The group is made up mostly of ‘crypto‘ interest groups for whom unchecked initial coin offerings (ICOs) and their analogs are bread and butter: the likes of Coinbase (NASDAQ: COIN), which complains in its proposed brief that ‘rather than engage in rulemaking, the current SEC administration has sought to expand the SEC’s jurisdiction over the cryptocurrency industry through ad hoc enforcement actions, alleging on a retrospective basis that already-trading digital assets… are actually securities subject to SEC regulation.’
But others are filing briefs in support of the SEC, including InvestReady and the New Sports Economy Institute.
“Just like this crypto industry, which suffered its latest huge failure yesterday morning as FTX fell into the hands of Binance, which itself is facing a multitude of investigations and lawsuits for their own practices, the arguments put forth by Ripple and the Amici are a house of cards that is falling faster than Luna’s price did the day it crashed,” it read.
“The token holders weren’t building a payment system, Ripple was. They can argue that some of the nodes were non-Ripple owned and somewhat decentralized, but that decentralization does not alone account for the fact that they are the software engineers primarily working on the project and that they control more than half of the supply of the token.”
The New Sports Economy Institute wrote in its proposed brief that “crypto is like a chameleon engaging in regulatory arbitrage, branding itself as an asset when it wants to attract capital and appeal to ‘investors’ but a currency when it faces regulatory scrutiny.” Those ‘investing’ in these assets need the protection of the Securities Act, it argues.
Ripple’s hopes of prevailing in its defense against the SEC, which hinges on whether or not XRP amounts to a security, suffered a setback last week when the SEC won a similar case against LBRY, another digital asset offeror.

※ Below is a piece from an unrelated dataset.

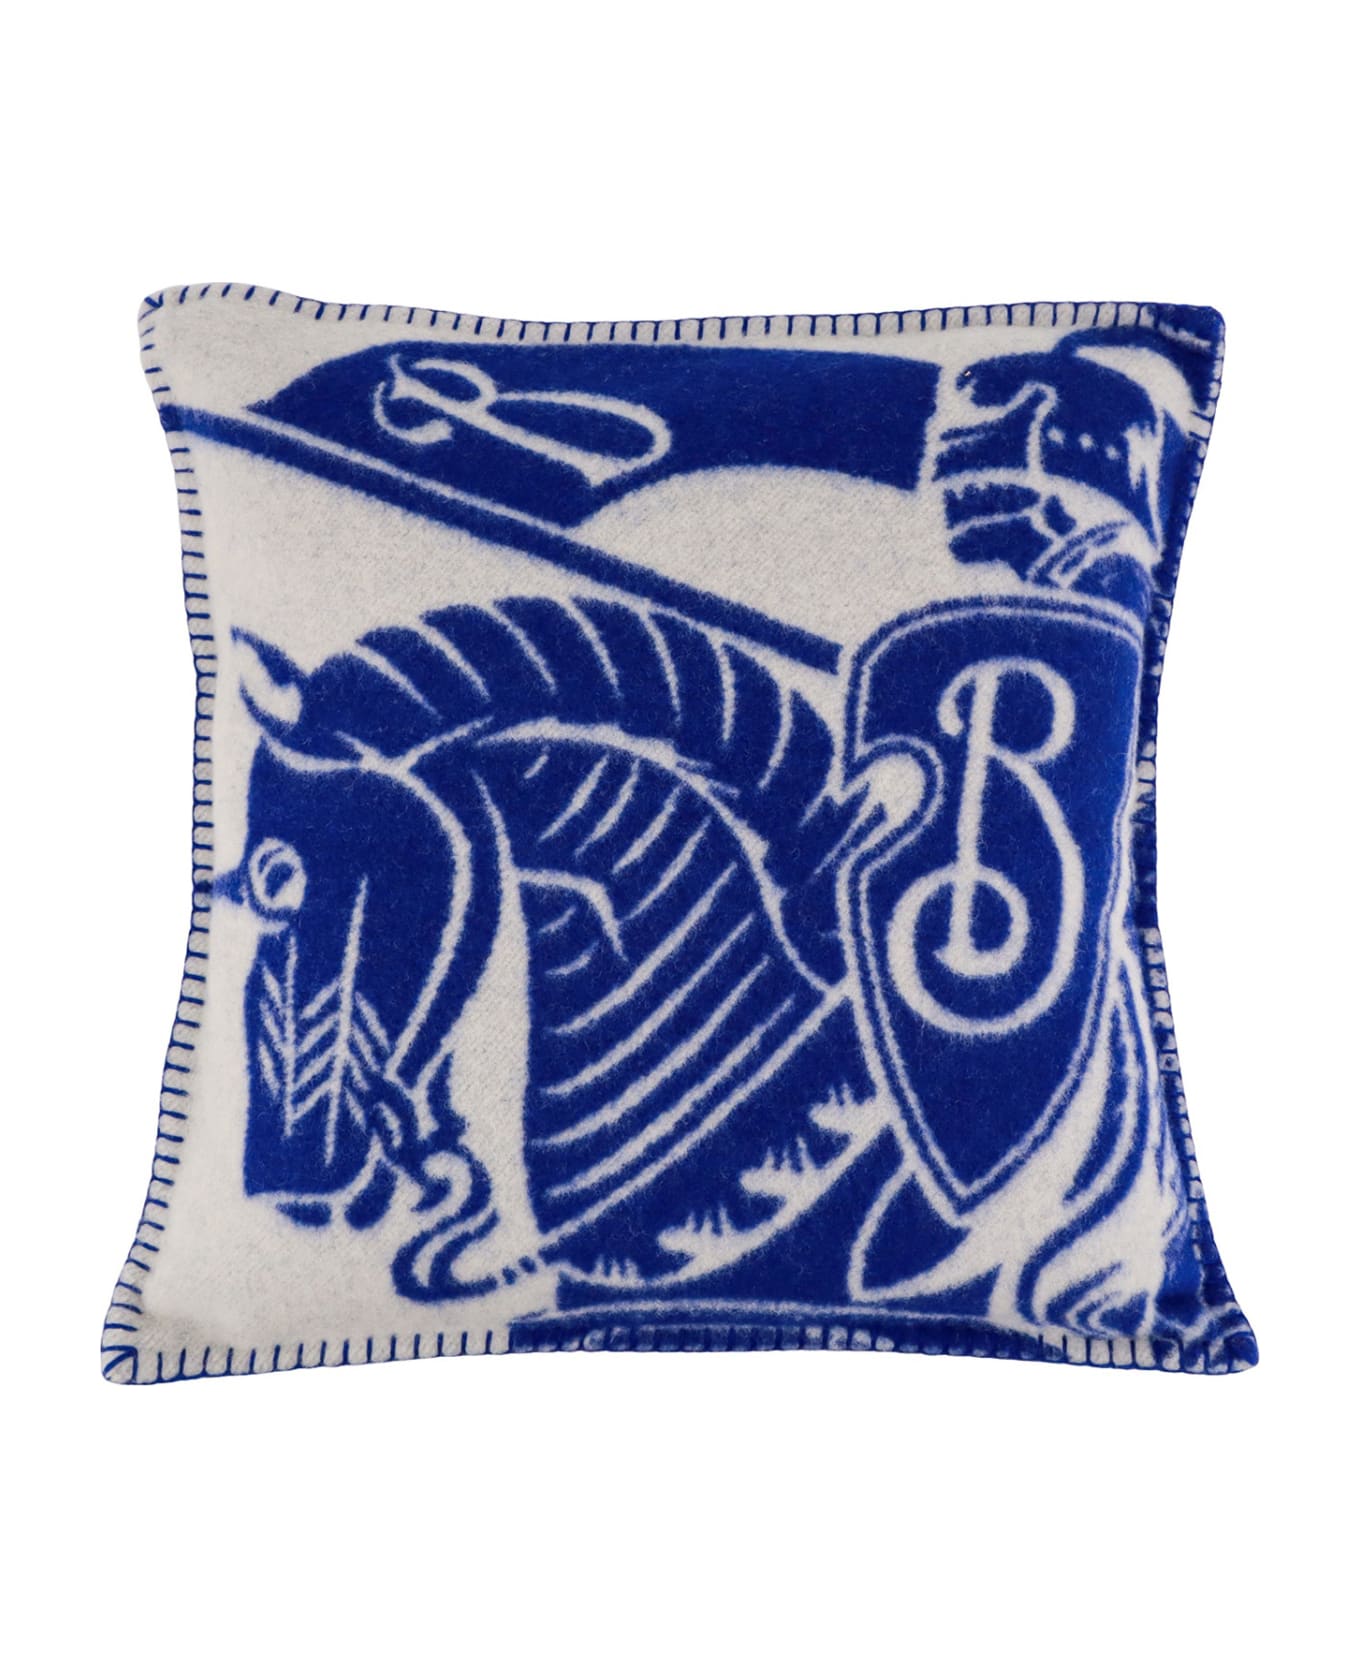 Burberry Cushion - KNIGHT クッション

The court granted the SEC’s summary judgment application against that project, saying that ‘LBRY made no secret in its communications with potential investors that it expected to grow in value through its managerial and entrepreneurial efforts’ and that ‘no reasonable trier of fact could reject the SEC’s contention that LBRY offered LBC as a security, and LBRY does not have a triable defense that it lacked fair notice.’